Un combat de plus avec l’Arménie ?
K. G. : Non, car je n’ai pas envie d’être l’arménien de service. Je l’ai fait à un moment où je sentais qu’il fallait parler de cette cause. A mon niveau, j’ai fait le boulot. Maintenant je suis passé à autre chose. La première fois que je suis allé en Arménie, c’est avec mes potes des Ogres de Barback qui ont aussi des origines arméniennes. C’était en septembre dernier (2014, ndlr). Je ne voulais pas y aller comme touriste de base, mais avec des gens qui connaissent le pays pour m’emmener là où on voit et on entend des choses. Avec Mathilde et Fred, et deux autres potes, ont été accompagné d’un arménien qui connaissait son pays. Maintenant quand je vois la façon dont les médias évoquent la commémoration du centième anniversaire du génocide arménien, la façon dont la diaspora ne parle que de sa reconnaissance par la Turquie, j’ai envie de leur dire : C’est super, mais vous êtes allés en Arménie ? Vous avez vu la pauvreté ? L’aridité des terres ? Des villages sans lumière ? Les stigmates du tremblement de terre ?… Vous n’avez pas l’impression que c’est de ça dont il faut parler ? Plutôt que de défendre corps et âmes la reconnaissance du génocide par des Turques qui ne le reconnaitront jamais ? Car ça implique de rendre des terres, de l’argent, de changer la géopolitique de la région et des relations avec l’Amérique et les Russes. C’est la guerre que vous voulez ? La vraie cicatrice qui est encore ouverte là-bas, c’est la guerre contre l’Azerbaïdjan qui a fait 30 000 morts. Ma position n’est peut-être pas très consensuelle…

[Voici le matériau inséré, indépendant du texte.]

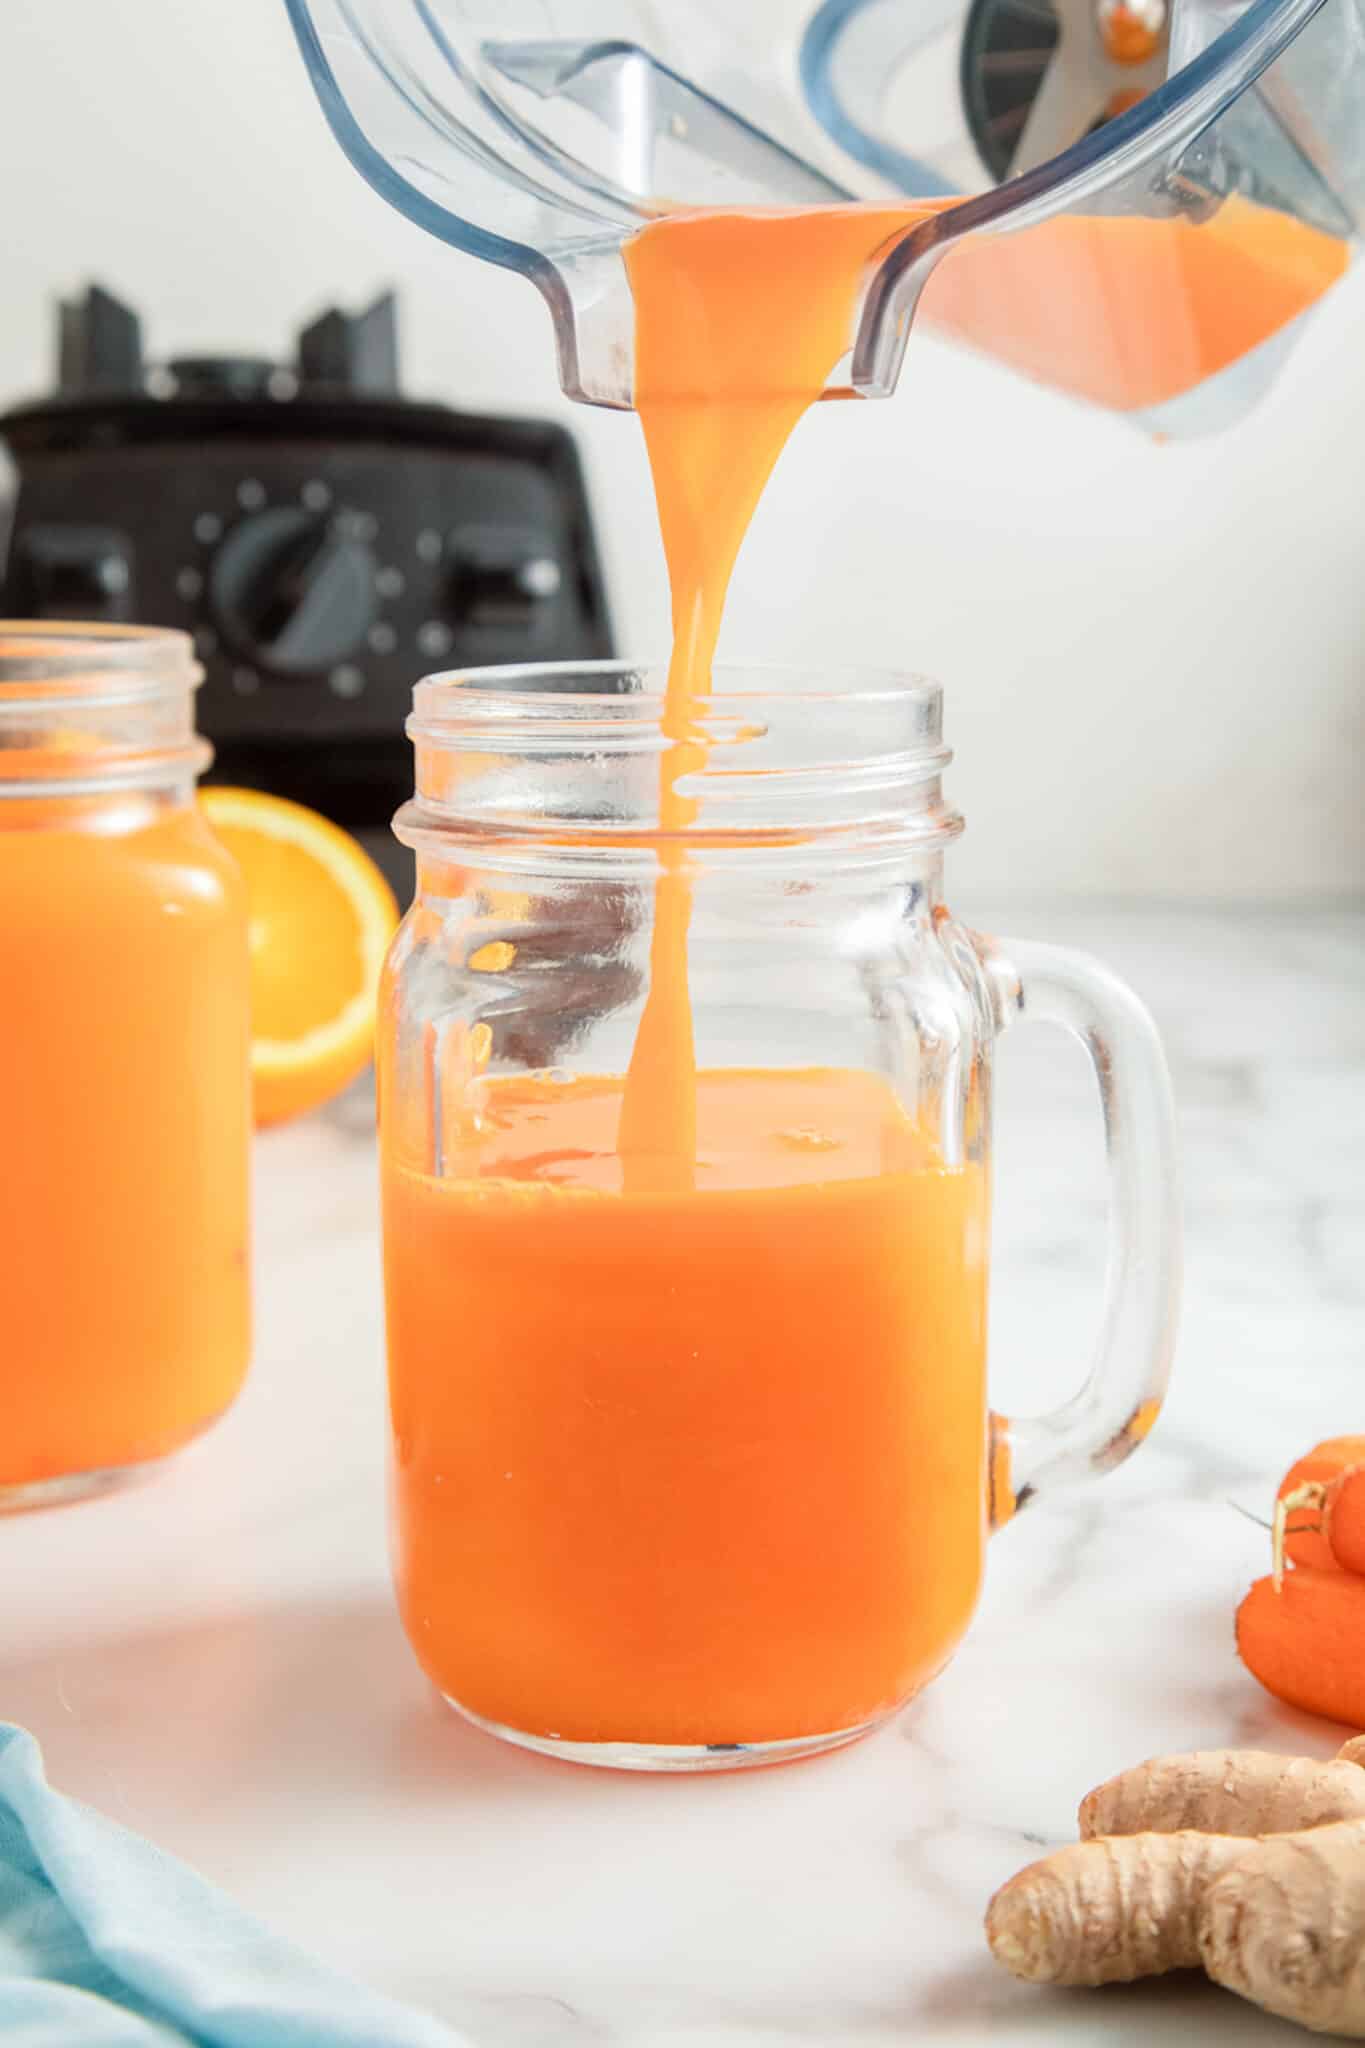 pouring carrot juice into a glass.
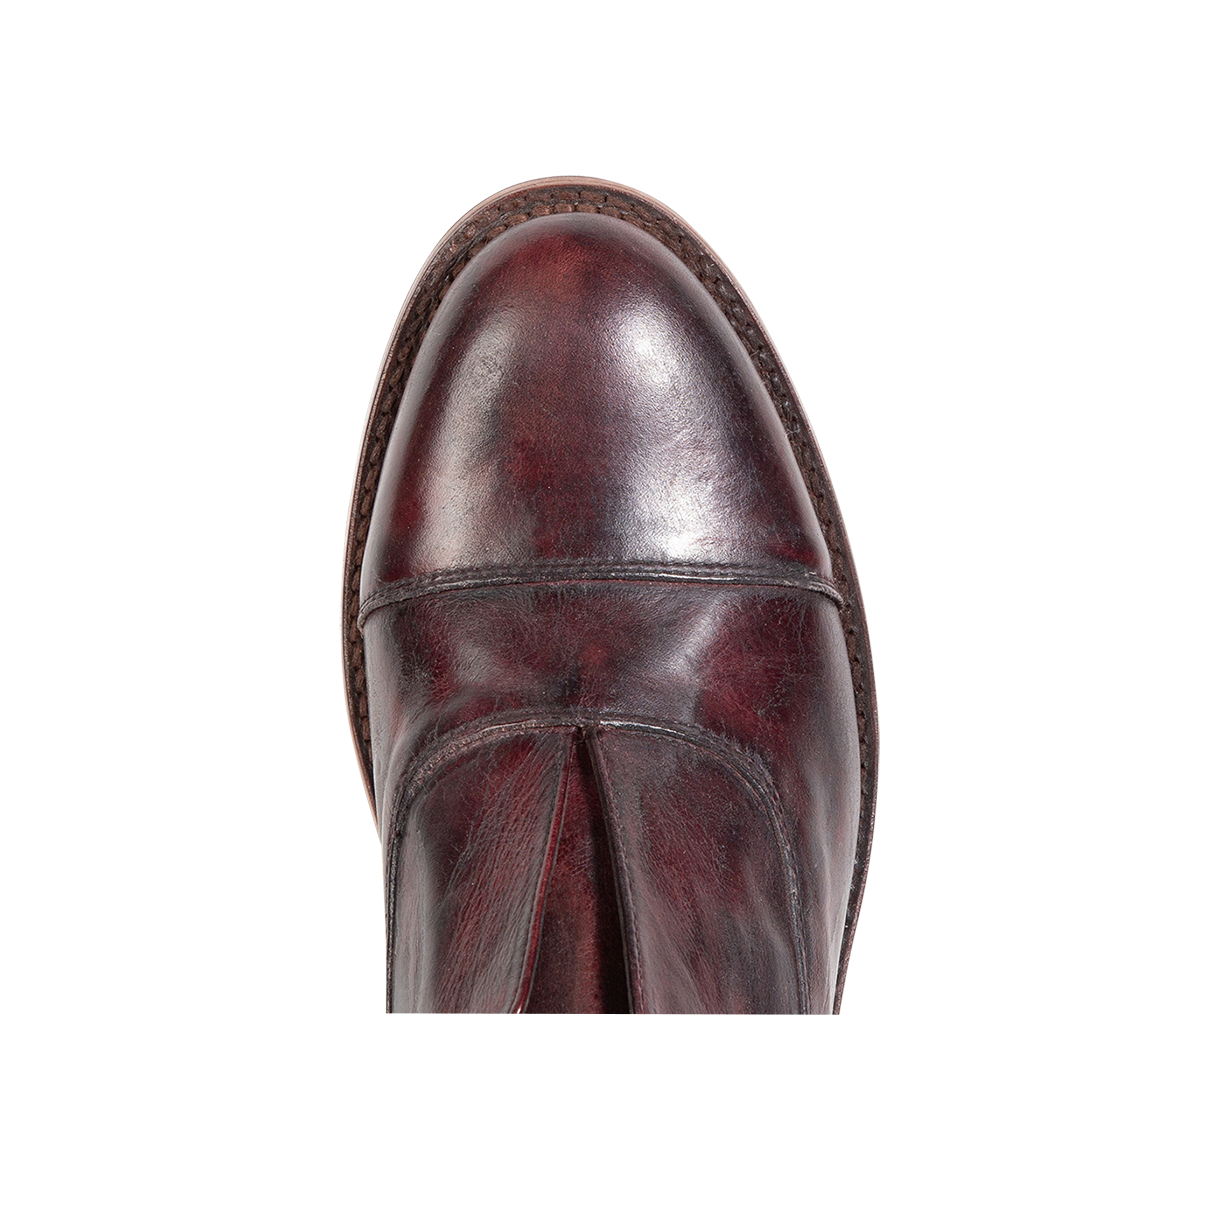 Top view showing almond toe and loafer construction on FREEBIRD men's Detrick wine shoe

NO ONE IS INNOCENT - WEB 2Dernière question : pourquoi attendre tant de temps entre deux albums ?
K. G. : On n’est pas le style de groupe qui sort des albums une fois tous les deux ans. On en est incapable, tout simplement parce qu’on part sur la route pendant plus d’un an après chaque sortie. Je suis incapable d’écrire en tournée. Physiquement je suis flingué. Et mentalement, j’ai besoin d’être au top pour écrire. Du coup, à ce moment là je ne suis pas un moteur pour le groupe. On me fait écouter des trucs, je n’y suis pas insensible, mais je ne suis pas un bon client pour mettre des textes dessus à ce moment là.